Former State Sen. Vince Fumo’s storied, 10,000-square-foot Philadelphia manor house — a property that played a role in the onetime political power broker’s downfall — could be yours.
The four-story 1880s Renaissance Revival brownstone, on Green Street near 22nd in the Spring Garden neighborhood, was listed this week for $3,950,000. The historically designated home was constructed in 1885 for 19th-century clothing magnate Samuel B. Fleisher, according to a registry for the surrounding historic district.
To say it’s roomy would be an understatement.
Along with six beds and 8.5 baths, the property boasts a wine cellar, elevator, roof deck, private shooting range, marble fireplaces, and a former ballroom converted into an “executive-sized” home office.
“It’s a big house. Nothing else really compares to it,” said broker Melanie Stecura, of Kurfiss Sotheby’s International Realty. “It’s obviously one of the finest Philadelphia mansions that’s still historically intact.”
All that luxury, plus a tax bill totaling roughly $40,000 a year.
Taxes were what brought the home into the limelight more than a decade ago — along with a string of other allegations of questionable conduct involving the property.

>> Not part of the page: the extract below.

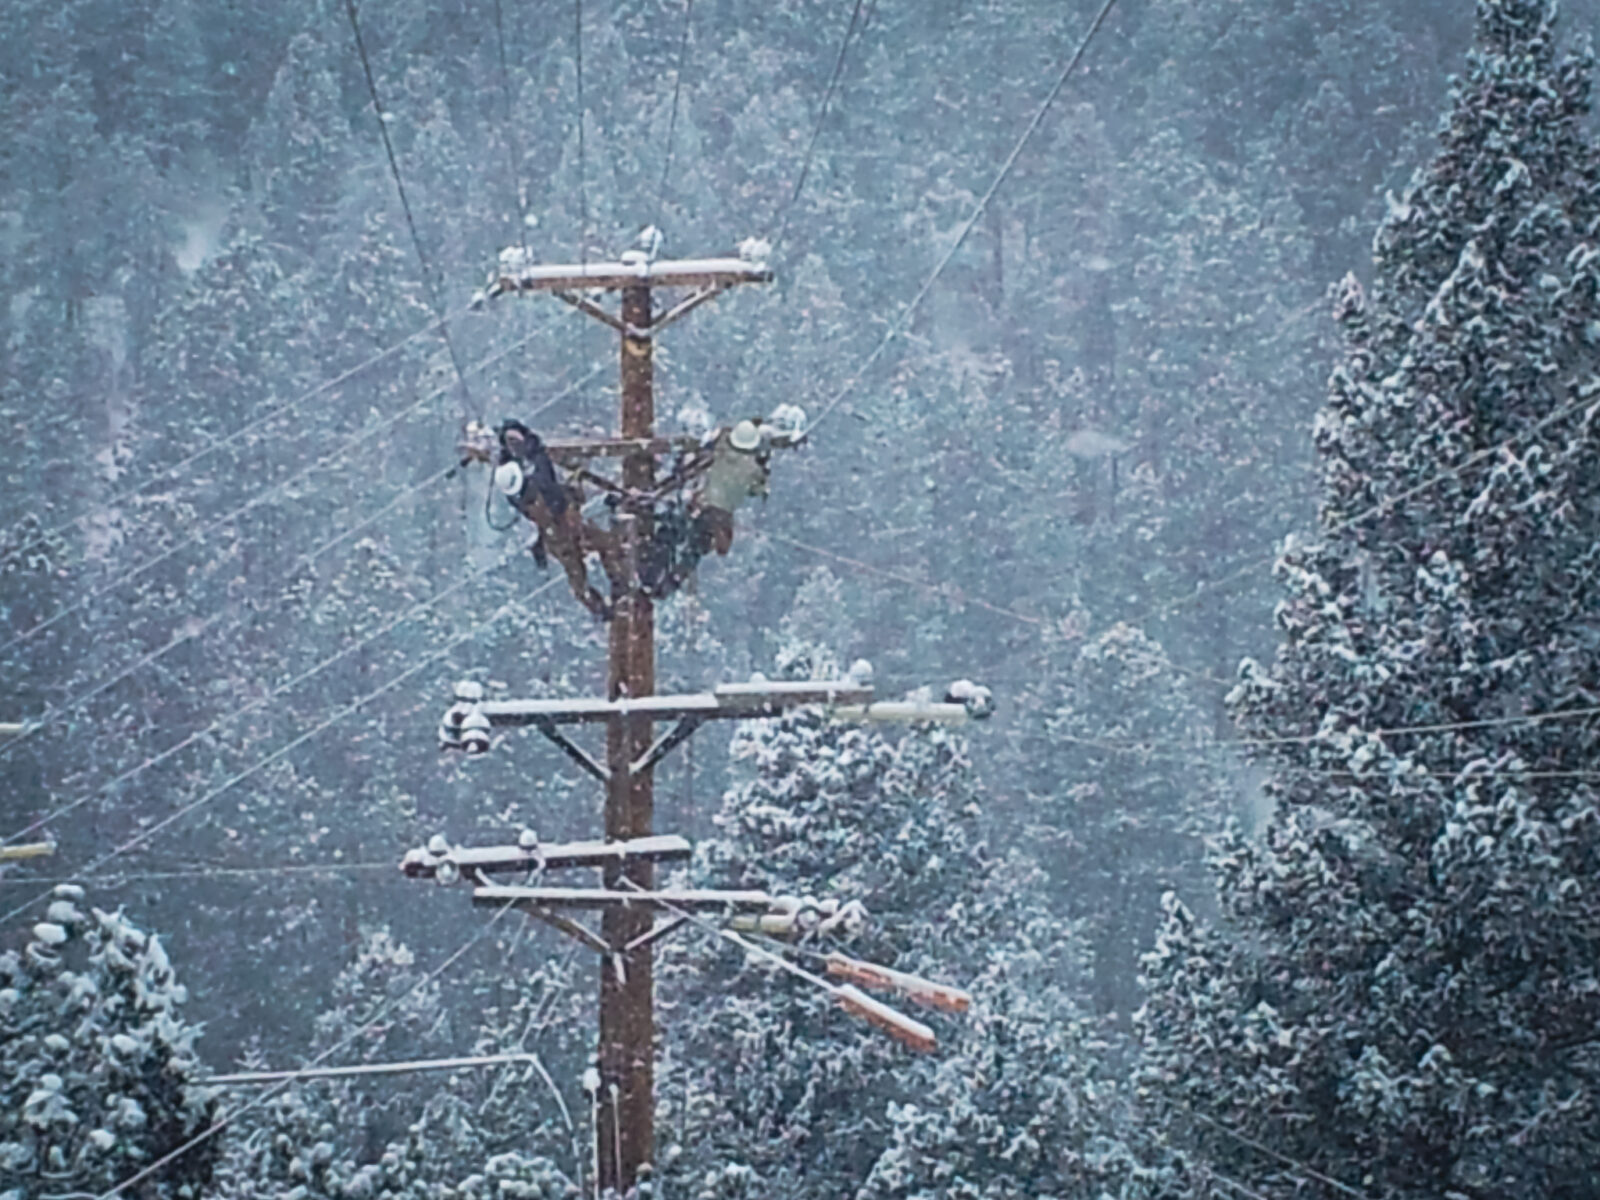 Two construction workers on a power line in the snow

The home had been converted into a convent and then apartments by the time Fumo brought the Victorian in 1994, during his ascent to power in the Pennsylvania State Senate. The senator was indicted on a battery of corruption charges in 2007, including claims from federal prosecutors that he’d used Senate aides as housekeepers and to supervise extensive renovations on the building, at a cost to taxpayers.
Fumo would ultimately be convicted of defrauding the Senate and sentenced to prison time, and sought to sell the house for $7 million to pay his legal bills. There was no sale. At the time, the city’s tax board, known as the Board of Revision of Taxes (BRT), had assessed the property at just $250,000, which triggered yet more headlines.

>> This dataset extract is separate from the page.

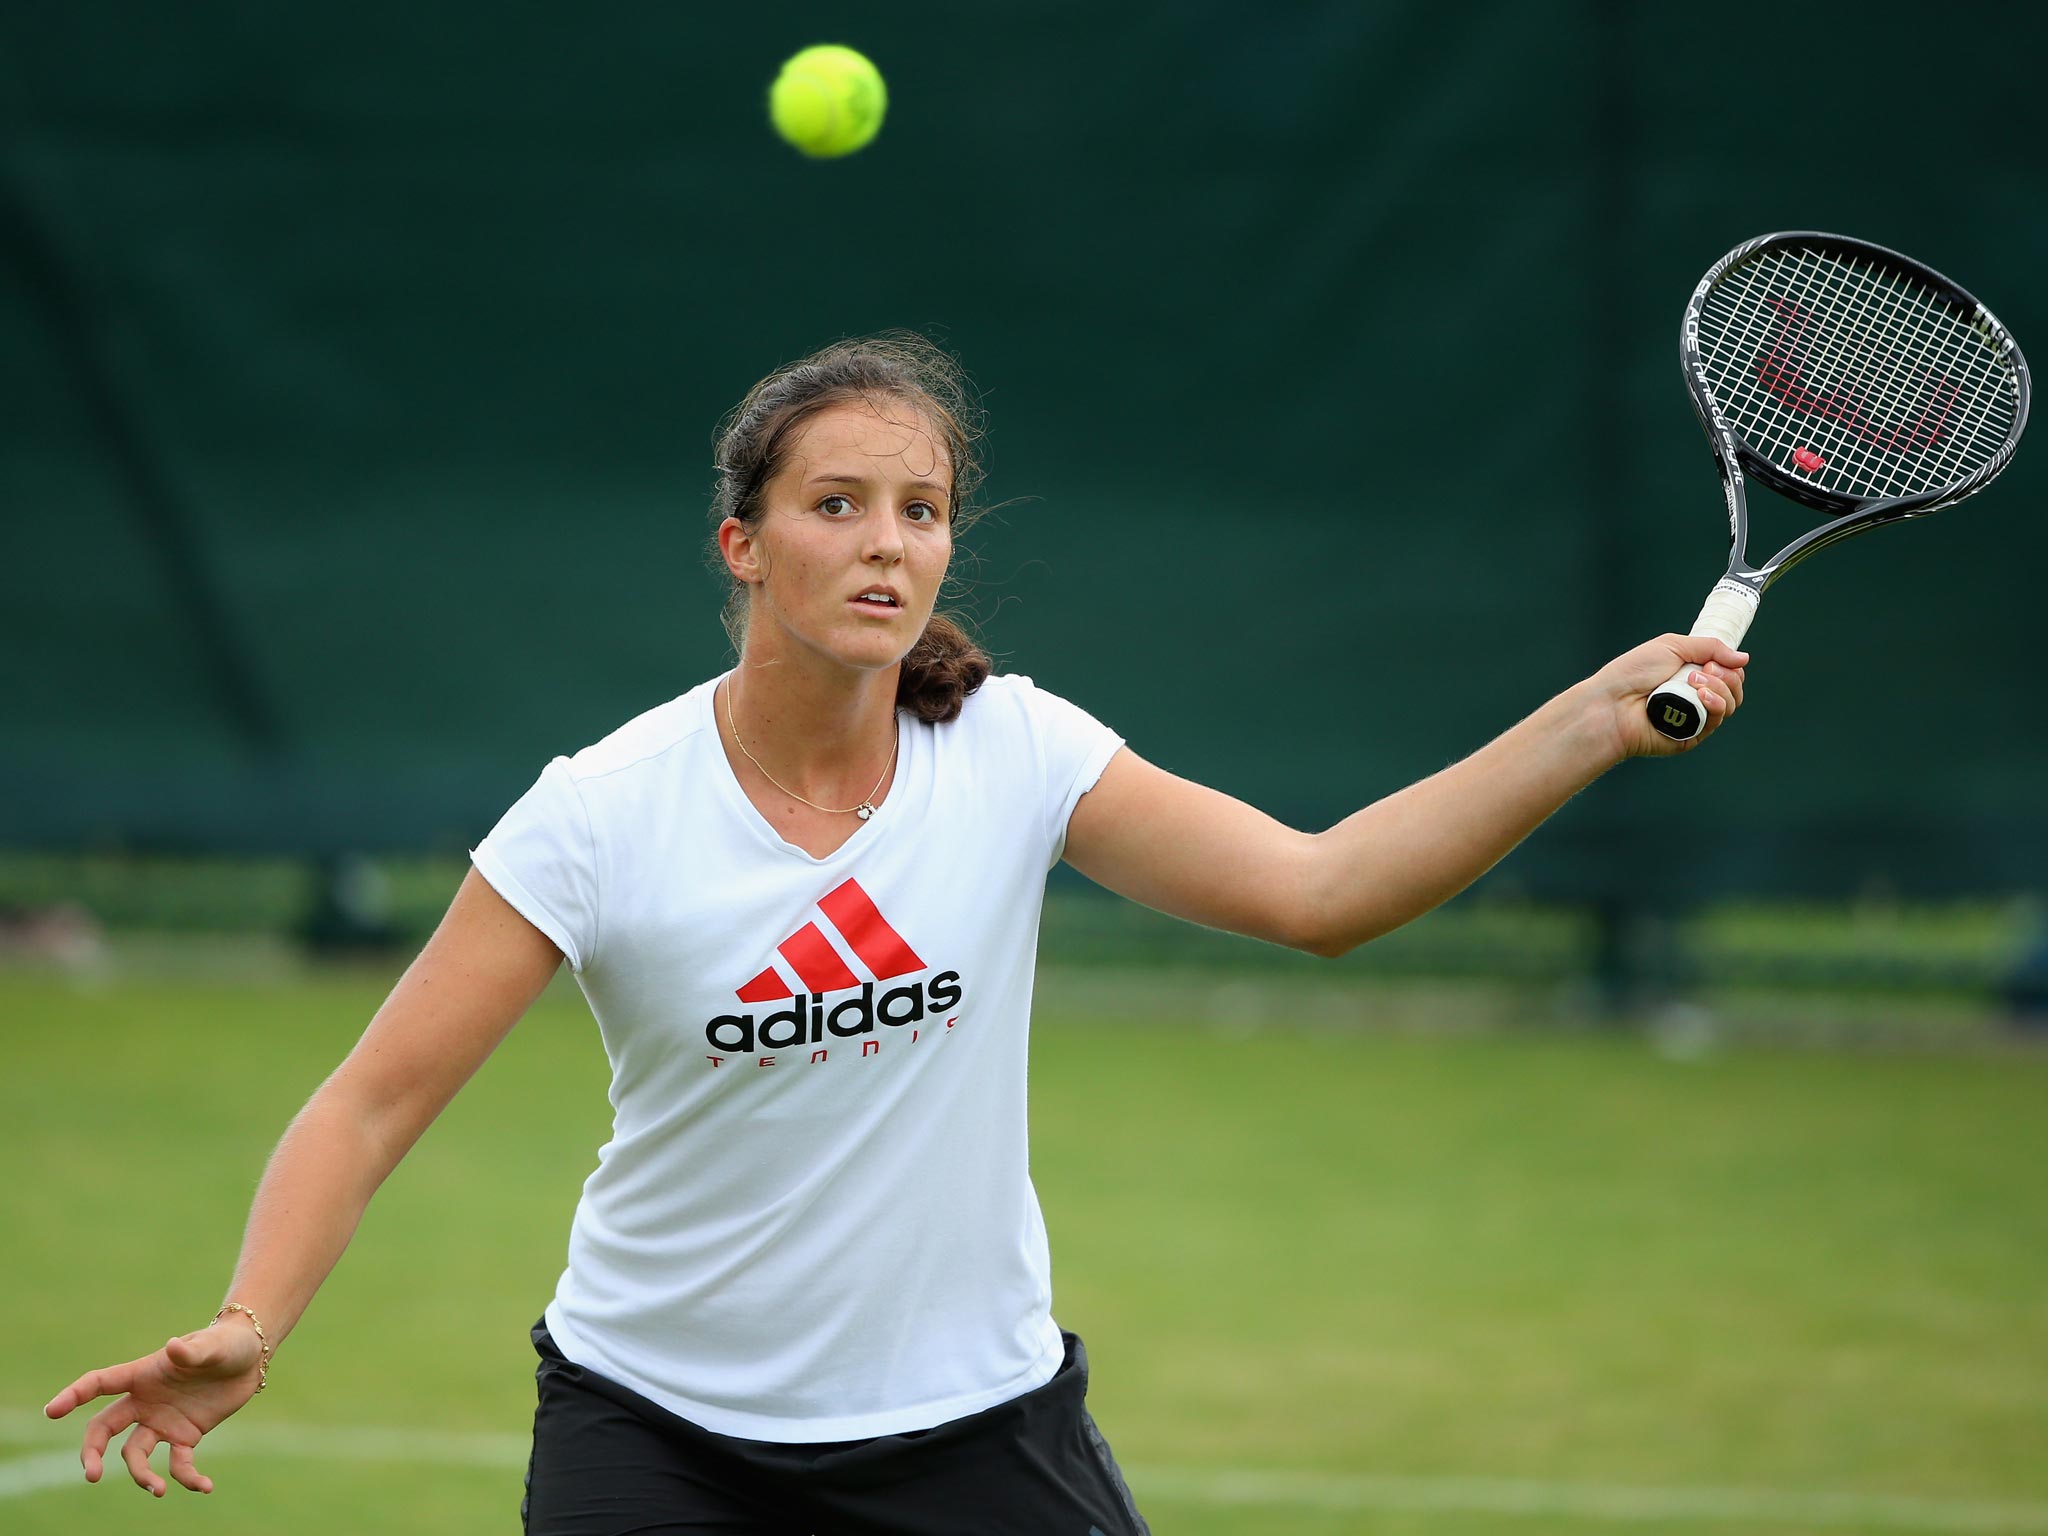 Laura Robson of Great Britain in a practice session during previews for Wimbledon Championships at Wimbledon

The assessment, which lowered the home’s tax bill to about $7,000 back then, brought allegations of political favoritism, as a Fumo ally sat on the BRT. The ally was ejected from the board and, in 2009, then-Mayor Michael Nutter sought to dismantle the board, with mixed success.
Thursday, Fumo was mum on the sale, referring all questions to Stecura. She said the 79-year-old was simply ready to scale down.
“For Mr. Fumo, it’s more house than he needs anymore at his age. He’s downsizing and looking for something smaller,” she said.